22 May 2024 | Toru Lin, Yu Zhang*, Qiyang Li*, Haozhi Qi*, Brent Yi, Sergey Levine, and Jitendra Malik
This paper presents a bimanual system with multifingered hands and visuotactile data for learning complex dexterous tasks. The system, called HATO, is a low-cost teleoperation setup that uses off-the-shelf hardware and software to collect visuotactile data for policy learning. The system includes two UR5 robot arms with Psyonic Ability Hands, which are repurposed prosthetic hands with tactile sensors. Visual data is collected via RGB-D cameras, and tactile data is obtained from the fingertips of the hands.
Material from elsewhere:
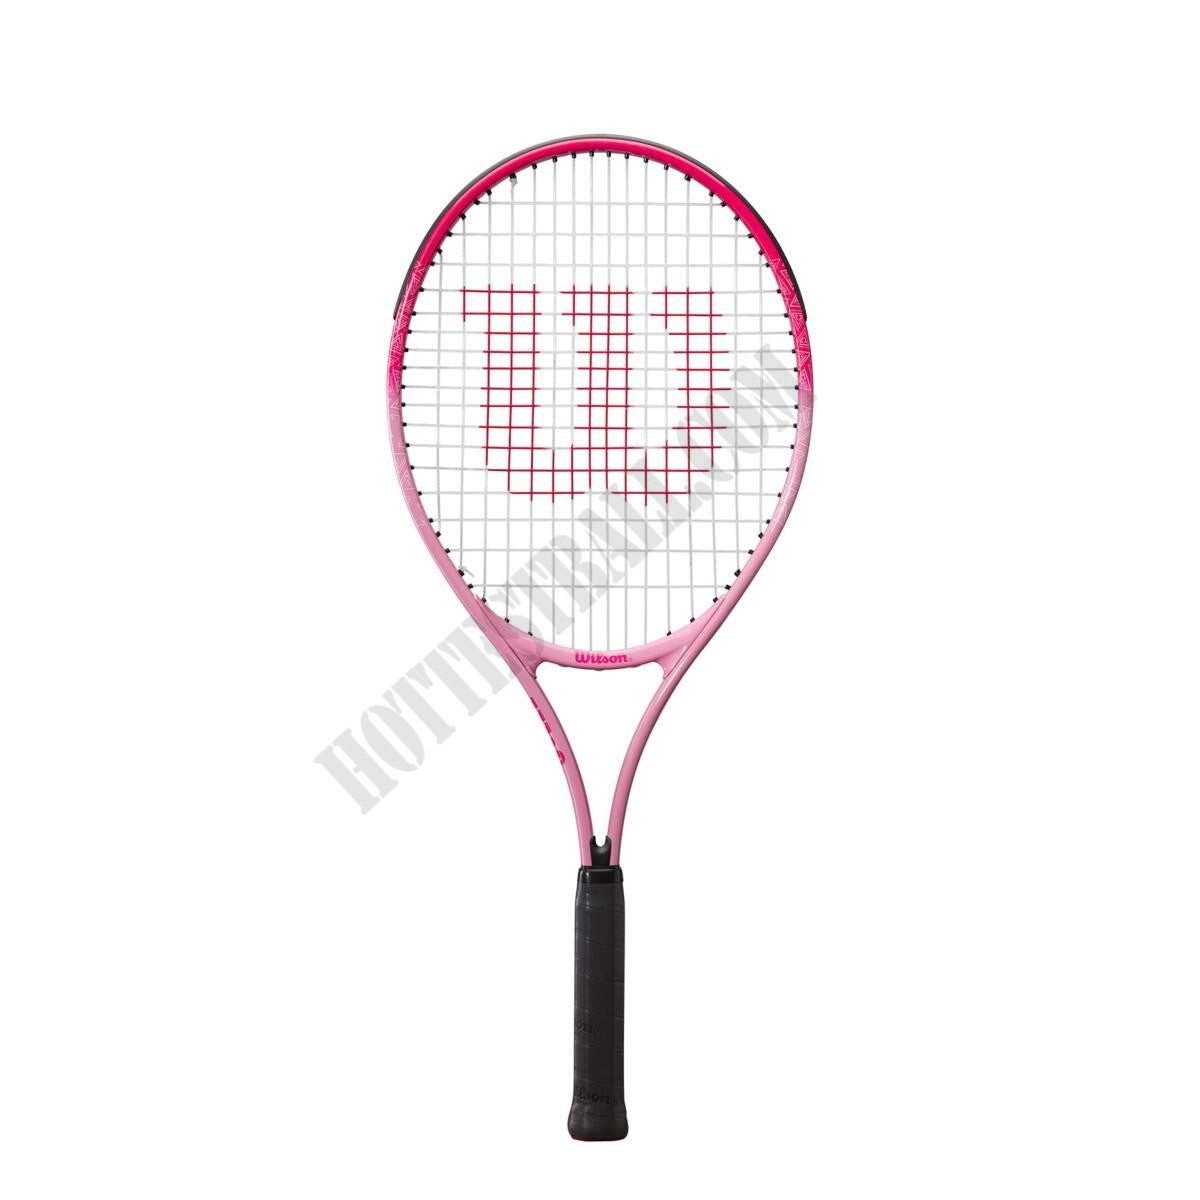 Burn Pink 25 Tennis Racket - Wilson Discount Store - -0

The system uses a Meta Quest 2 platform for teleoperation, with grip buttons for power grasp control and thumbsticks for thumb control.
The system learns policies for four complex tasks: slippery object handover, block stacking, wine pouring, and steak serving. These tasks require bimanual dexterity, precise control, and touch feedback. The policies are trained using visuotactile data collected from the system, enabling the robot to perform long-horizon, high-precision tasks that are difficult to achieve without multifingered dexterity and touch feedback. The system also investigates the effects of dataset size, sensing modality, and visual input preprocessing on policy learning. The results show that vision and touch significantly enhance learning efficiency, policy success rate, and policy robustness. A dataset of a few hundred demonstrations is sufficient for learning effective bimanual dexterous policies.
The system demonstrates natural and human-like skills, showcasing unprecedented dexterity. The policies are trained using a diffusion policy approach, which allows for fast and smooth deployment. The system also includes an asynchronous inference algorithm, which enables parallel execution of the diffusion model prediction and robot execution. The policies are evaluated on four tasks, with success rates ranging from 50% to 100%. The system also shows that touch sensing is critical for the reliable completion of many challenging tasks. The system is open-sourced, with all hardware and software systems and the teleoperation dataset made publicly available for further research and collaboration.This paper presents a bimanual system with multifingered hands and visuotactile data for learning complex dexterous tasks. The system, called HATO, is a low-cost teleoperation setup that uses off-the-shelf hardware and software to collect visuotactile data for policy learning. The system includes two UR5 robot arms with Psyonic Ability Hands, which are repurposed prosthetic hands with tactile sensors. Visual data is collected via RGB-D cameras, and tactile data is obtained from the fingertips of the hands. The system uses a Meta Quest 2 platform for teleoperation, with grip buttons for power grasp control and thumbsticks for thumb control.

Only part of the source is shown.